Cheryl Eckard, right, the company’s quality manager, asserts in her whistle-blower suit that she warned Glaxo of the problems but the company fired her instead of addressing the issues.

Altogether, GlaxoSmithKline sold 20 drugs with questionable safety that were made at a huge plant in Puerto Rico that for years was rife with contamination. Cheryl Eckard, the company’s quality manager, asserts in her whistle-blower suit that she warned Glaxo of the problems but the company fired her instead of addressing the issues. Among the drugs affected were Avandia, Bactroban, Coreg, Paxil and Tagamet. No patients are known to have been sickened by the quality problems although such cases would be difficult to trace.

Tony West, assistant attorney general for the Justice Department’s Civil Division, and Carmen M. Ortiz, the United States attorney for Massachusetts, announced the settlement in a news conference Tuesday afternoon in Boston. The outcome provides one of the highest whistleblower award yet in a health care fraud case.

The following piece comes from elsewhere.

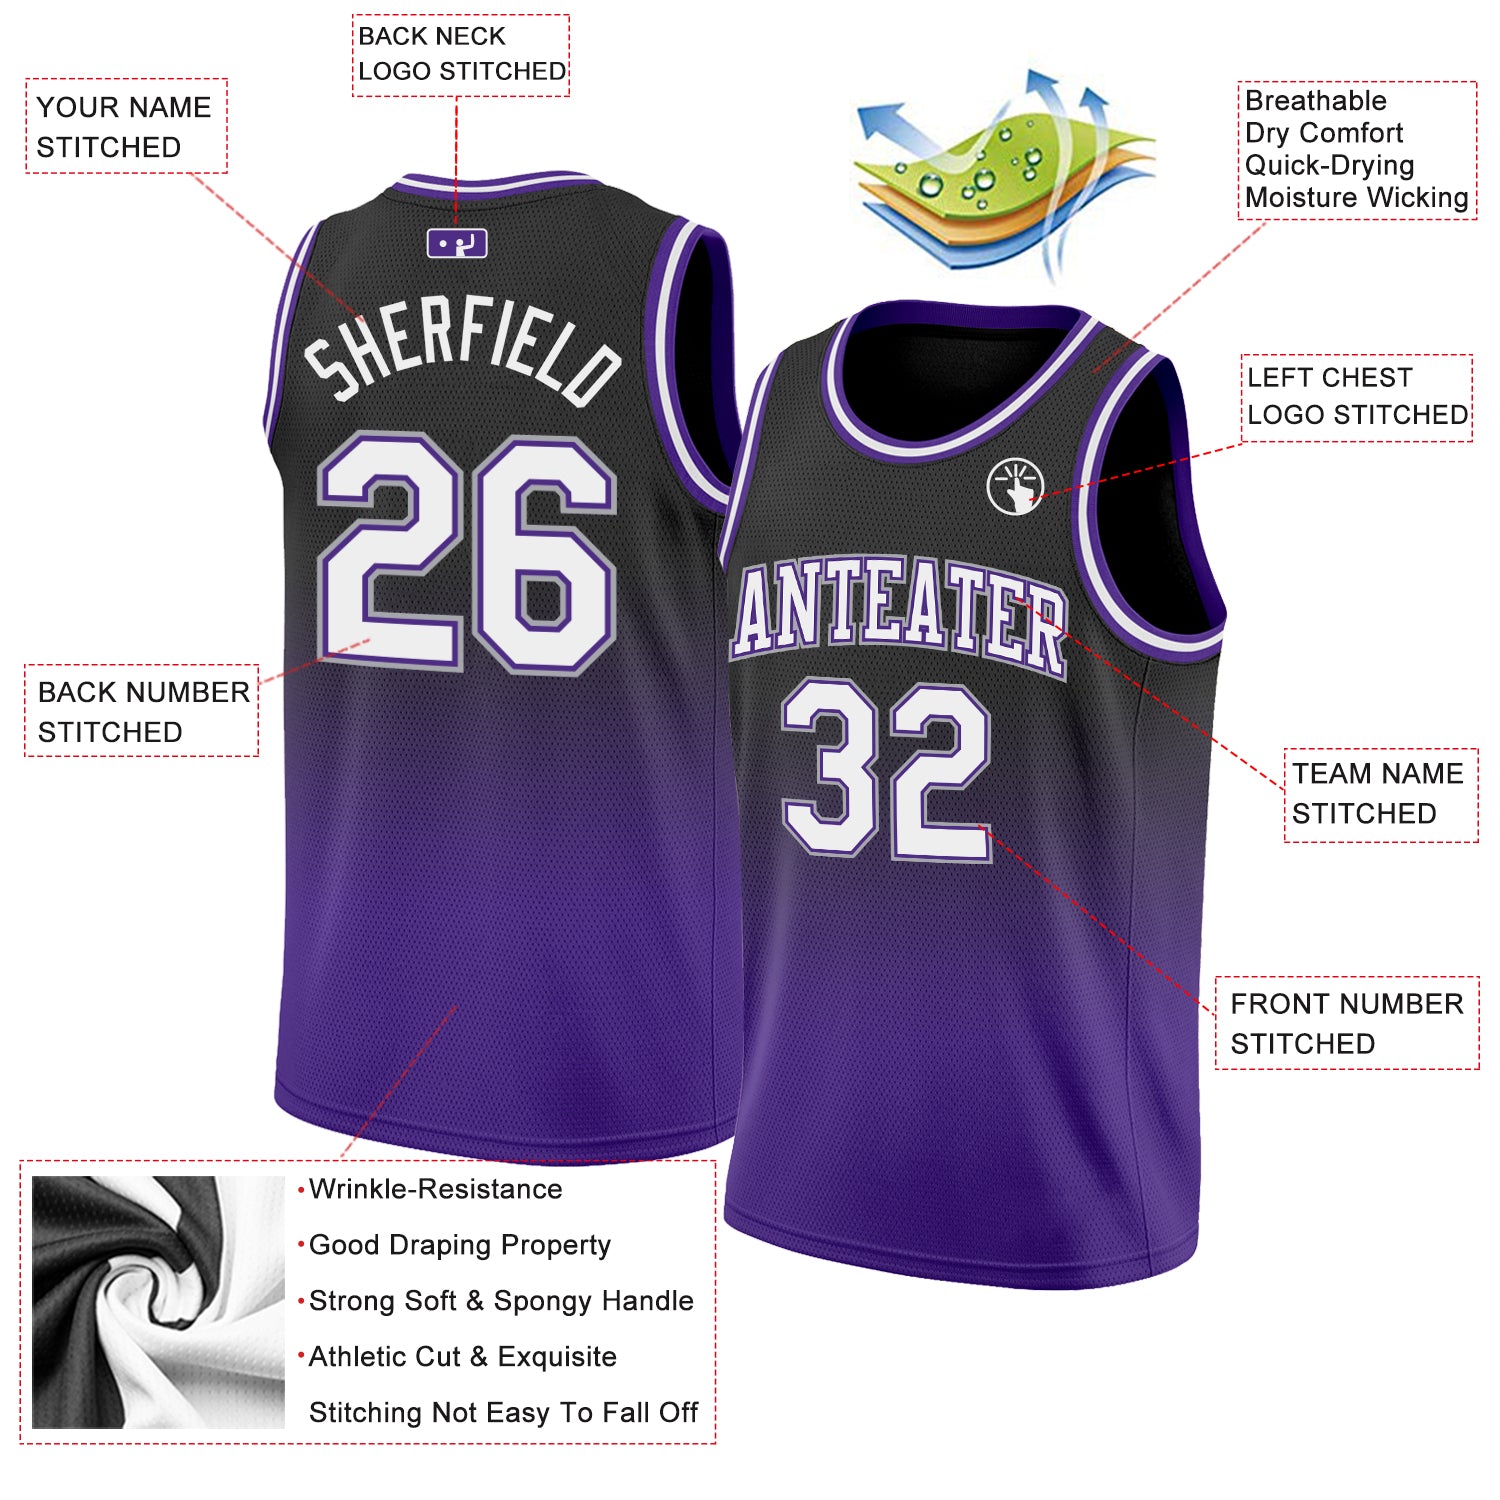 Sacramento Kings Customizable Pro Style Basketball Jersey

GlaxoSmithKline released a statement saying that it regretted operating the Puerto Rican plant in violation of good manufacturing practices. The company said the problem involved only one plant that was closed in 2009. Its American shares were down 0.37 percent in late afternoon trading in New York.

The settlement is part of a growing tsunami of lawsuits that assert that drug makers misled patients and defrauded federal and state governments that, through Medicare and Medicaid, pay for much of health care.